Physics works in very much the same way. In particle physics, a second may as well be an eternity for particles which exist for millionths or billionths of seconds before decaying. Waiting for a second is allowing for so much change in a sub-atomic system that it would be like examining a 90-year-old man and trying to determine how heavy and tall he was at his birth.

When the universe was a "baby", smaller units of time had significantly more meaning than they do today. We recognize five major milestones in the development of matter before the first second of the universe transpired. In the same way that a month differs in the consideration of the life of an infant, billionths of seconds mattered in the beginning of the universe because even a billionth of a second could double its life. And yet today, not even a second means anything to the universe as a whole. For that matter, days, years, and even millennia are inconsequential moments in the universal perspective. In 100,000 years, 99.9% of all of the stars in the universe will be as identical as a man turning 57 is to himself a day after his birthday (even though they burn hundreds of billions of tons of hydrogen each second).

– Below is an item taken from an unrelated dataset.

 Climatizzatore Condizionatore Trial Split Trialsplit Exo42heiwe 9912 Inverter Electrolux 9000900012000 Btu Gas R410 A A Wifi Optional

Only when we start talking in millions (and in most cases, billions) of years do we begin to notice the first inklings of significant change.

So, certain lengths of time are only important if they correspond to the length of time it takes for something to change. Even then, in a single system (like that of the universe, as explained above), the important unit of time changes with the passage of time. It depends on who is measuring, when he's measuring, and why he's measuring.

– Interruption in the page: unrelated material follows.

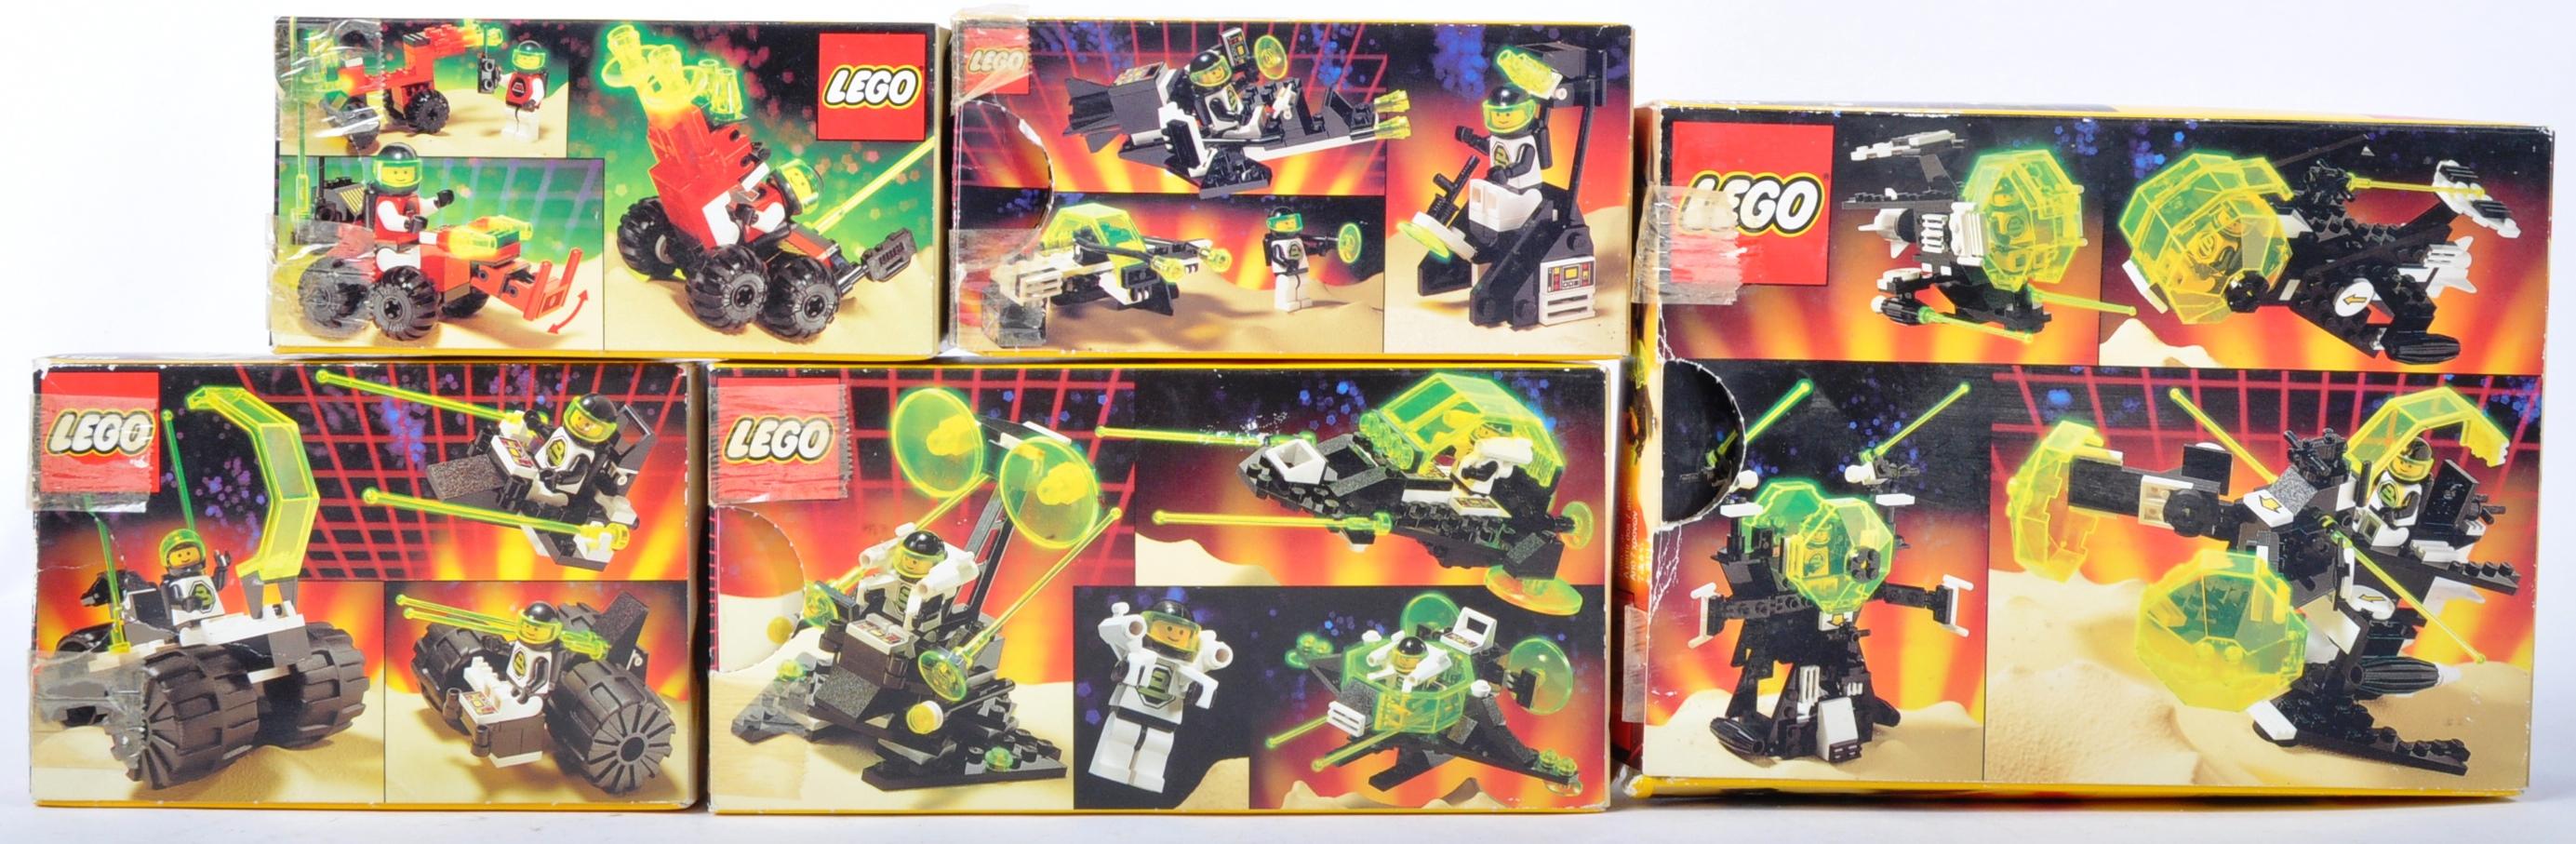 LEGO SETS - BLACKTRON - 6832 / 6833 / 6851 / 6878 / 6887 - Image 2 of 10

And even then, there's more to the story. Perception and importance aside, a single unit of time differs depending on the observer. With absolutely no metaphor or figure of speech employed, the length of a second (or any other unit of time) depends upon the velocity of the person observing the thing experiencing the second. The principles behind this fact are all contained in Einstein's explanation of time and space which is known generally as (trumpet fanfare) relativity and will be discussed in the next installment.